The secretion cells or B cells (taken from the german word Blasenzellan) have a basal nucleus and large cytoplasmic vacuoles containing an acid matter which flocculates easily. They have a striated border. These cells have a restricted quan lity of reserves in the form of lipids, glycogen, and calcium of phosphate. The mechanism of secretion differ depending on the groups: apocrin in Panulirus, holocrin in Astacus or mecrocrine in other species. The mechanism of enzym evacuation is not well known in detail, due to the difficulty to observe the phenomena which take place inside a massive organ. It is at present believed (LOIZZI, 1971) that a cells (from the german word restzellen) or absorbing cells, accumulate the nutriment which are found in the light areas of the hepato-pancreas tubules, and that they synthetize glycogen and lipids. F cells described as being “fibrillar” synthetize the digestive enzymes and keep them in reserve in a supernuclear vacuole. The latter will fatten by pinocytosis, in taking the nutriments from the light areas at the tubules until they form a typical B cell.

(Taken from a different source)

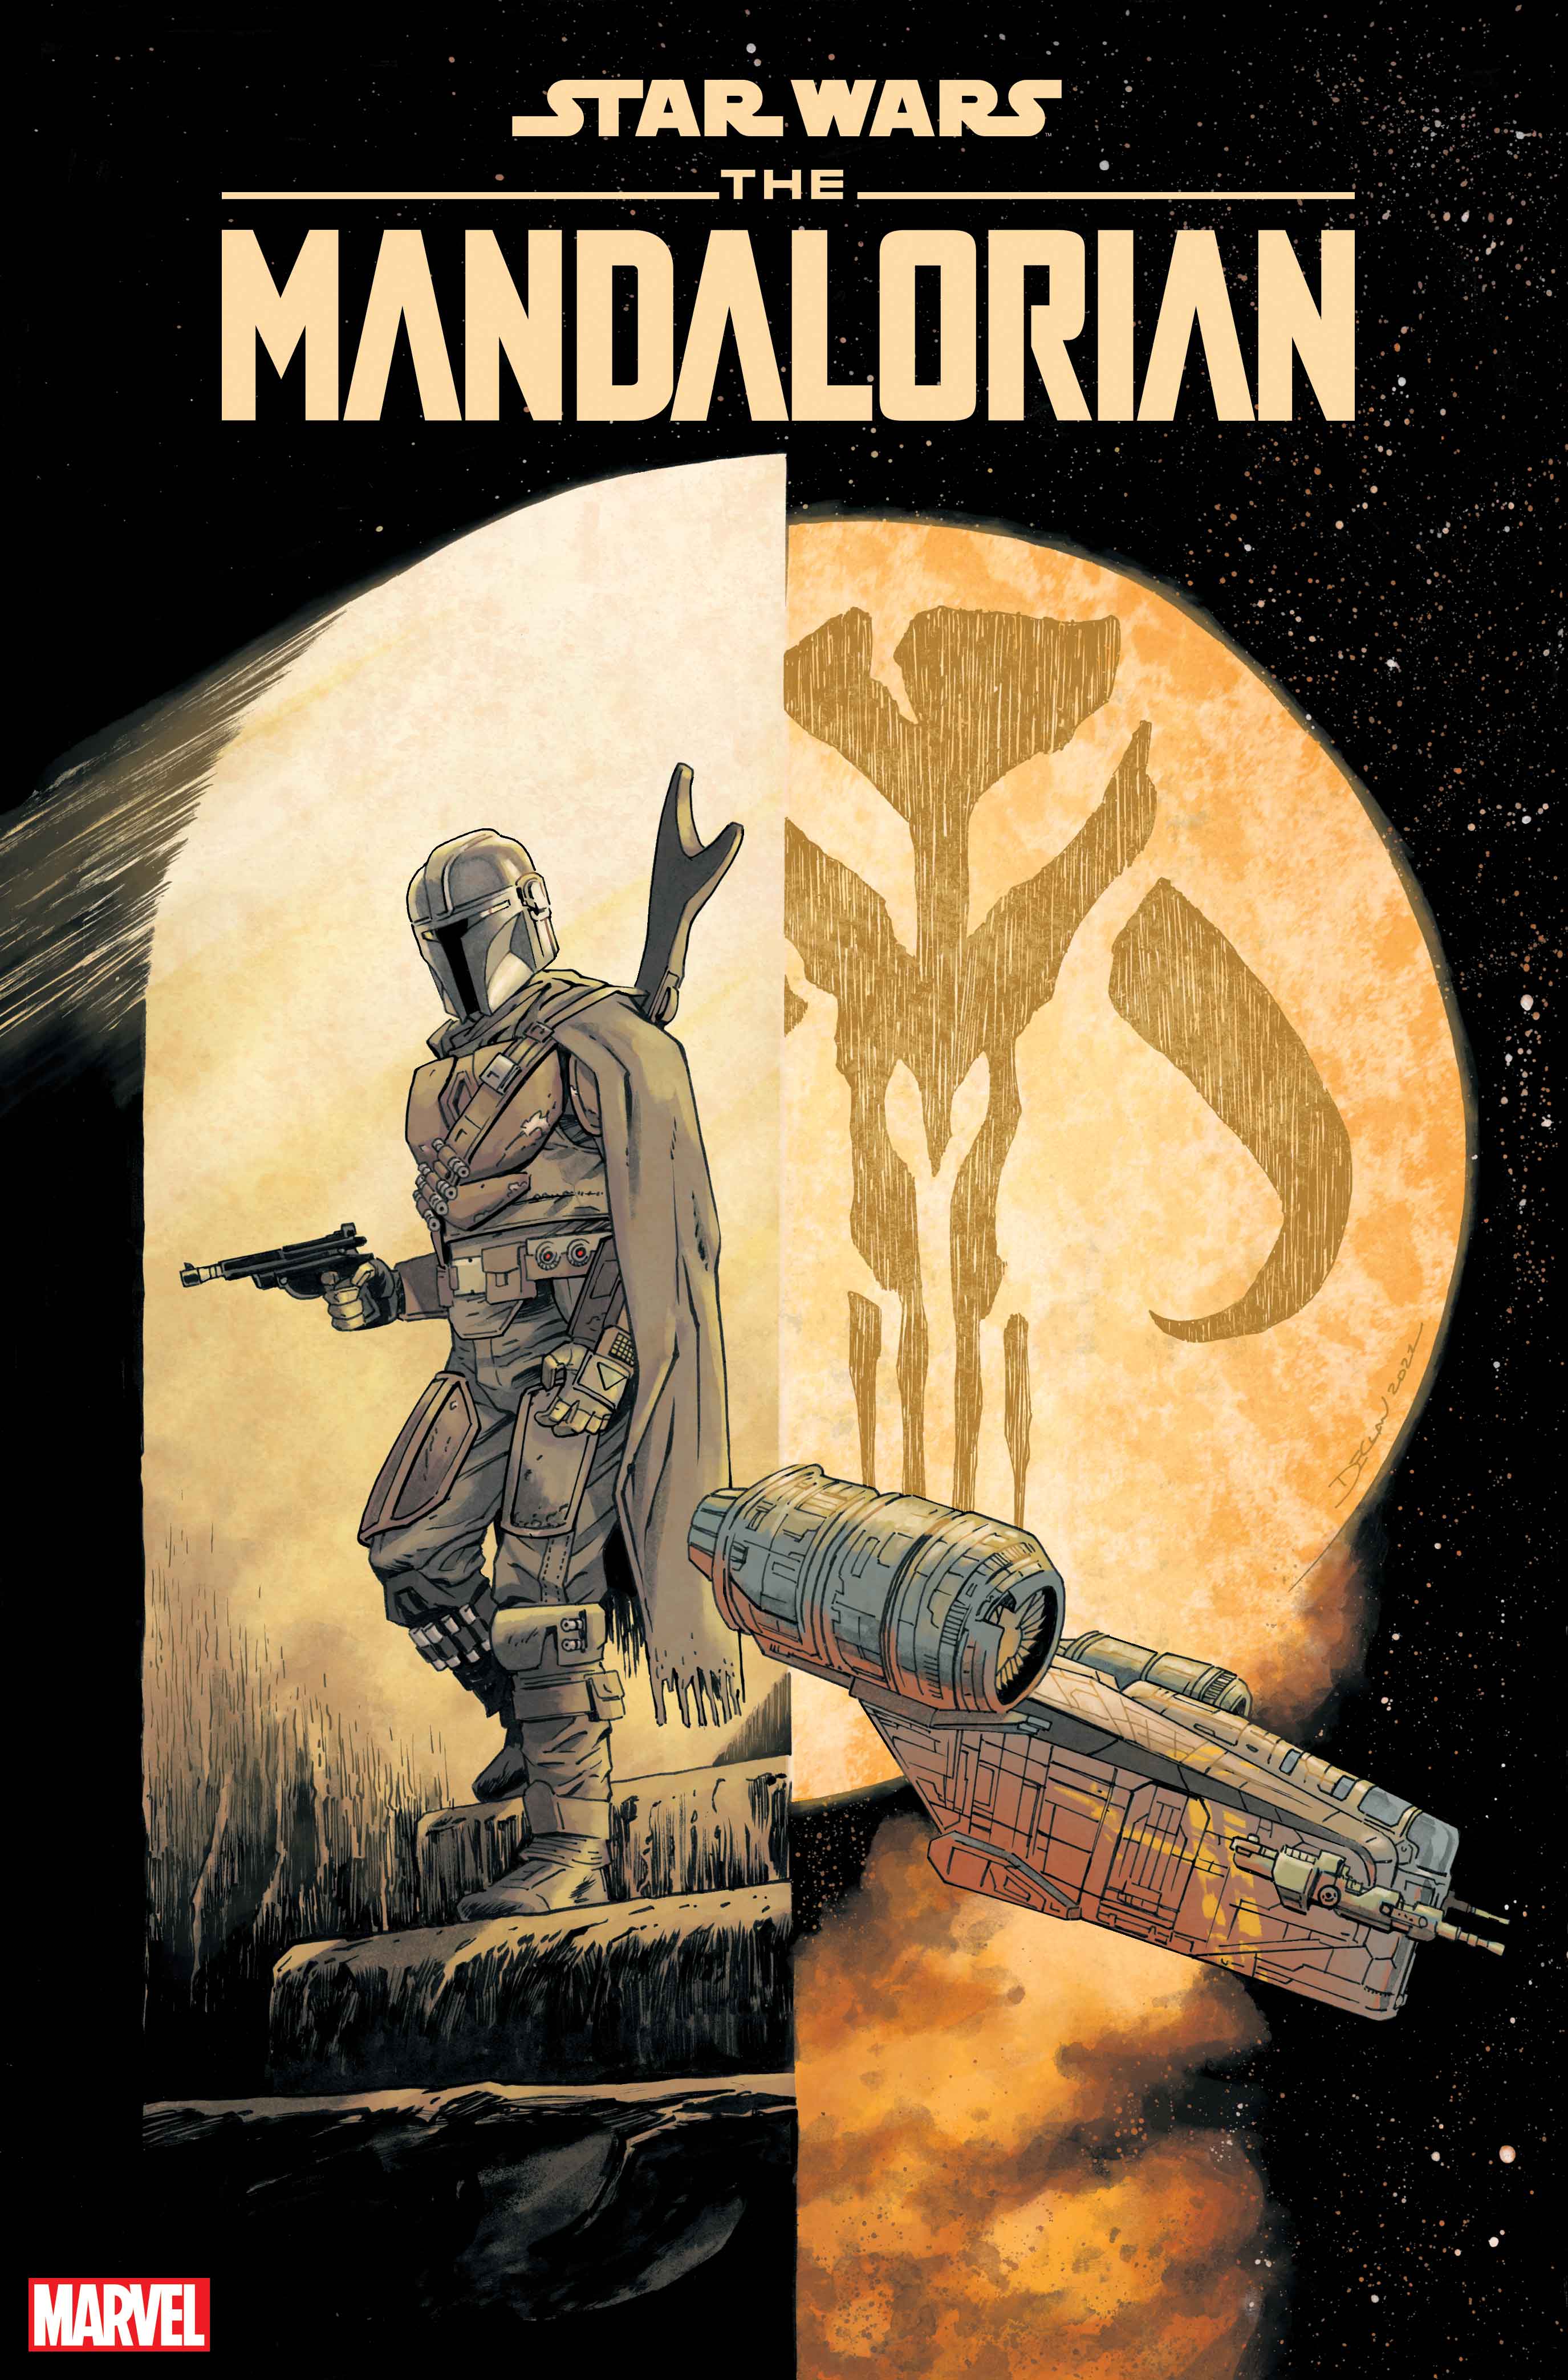 Declan Shalvey variant Star Wars: The Mandalorian issue 1, The Mandalorian is on the left holding his blaster and the Razor Crest is on the right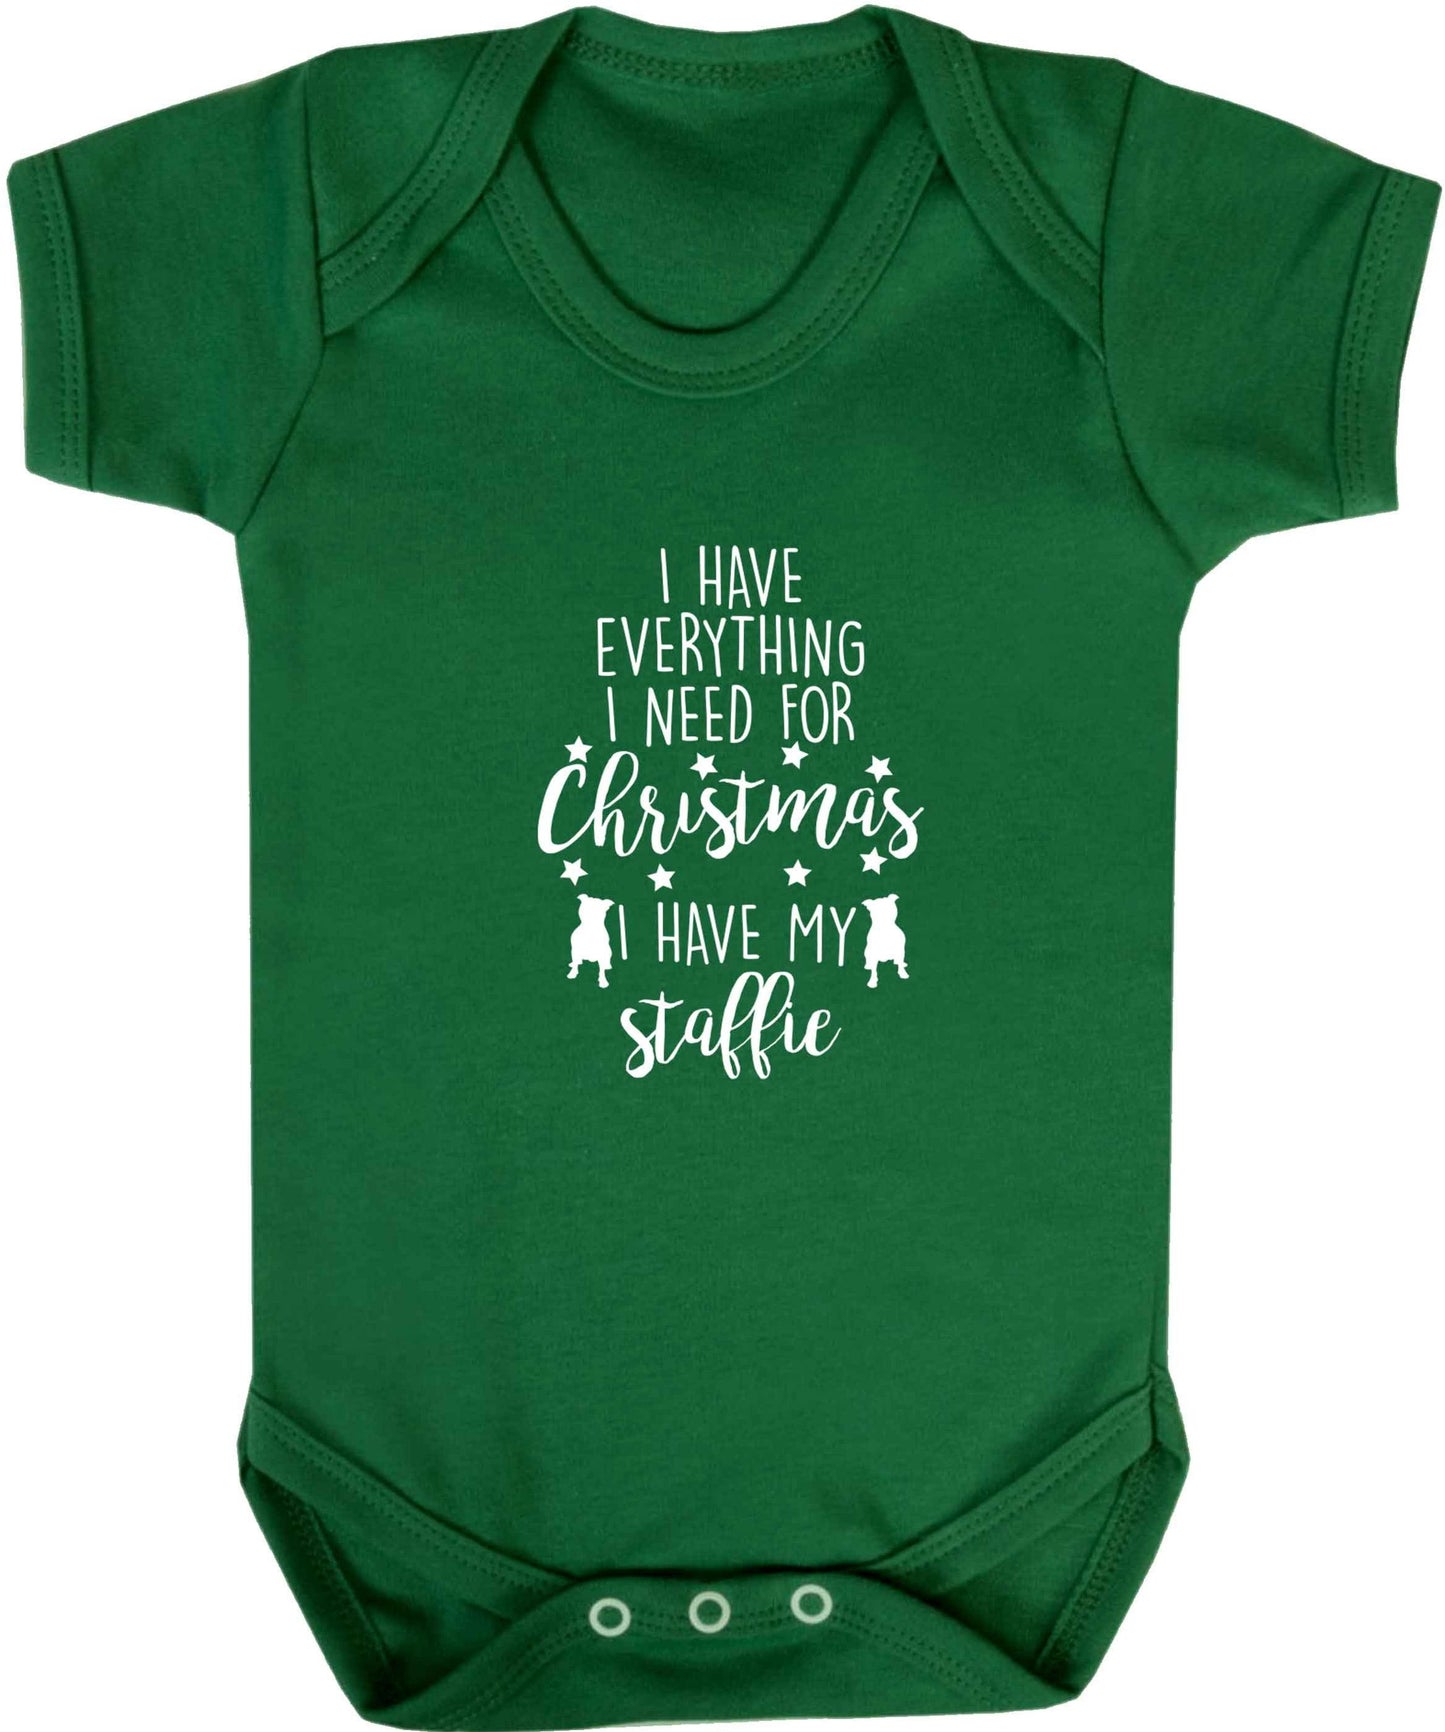 I have everything I need for Christmas I have my staffie baby vest green 18-24 months

When the B cell are full, they are the most voluminous cells of the hepatopancreas. They contain an unique central vacuole, representing at least 4/5 of the cell volume. The cytoplasm is dense and thin, containing myelinic forms, groups of parallel filaments and other varied inclusions. There is a complex apical which separates the vacuole of the tubule light, having a brushy border, small vacuoles of pinocytosis, dense cytoplasm, small mitochondries, microtubules. When at full maturation stage the vacuole will compress the basic cell nucleas. No glycogen granulas nor lipidic drops are found present in cell B.
It is believed that the secretion is of merocrine or apocrin type in normal physiological conditions but that in intense stimulation it can be holocrin type.
The expulsion of digestive secretions from cell B could be caused by the contrasting and constricting muscle network which surrounds the external wall of the tubules (LAEVITT and BAYER, 1982).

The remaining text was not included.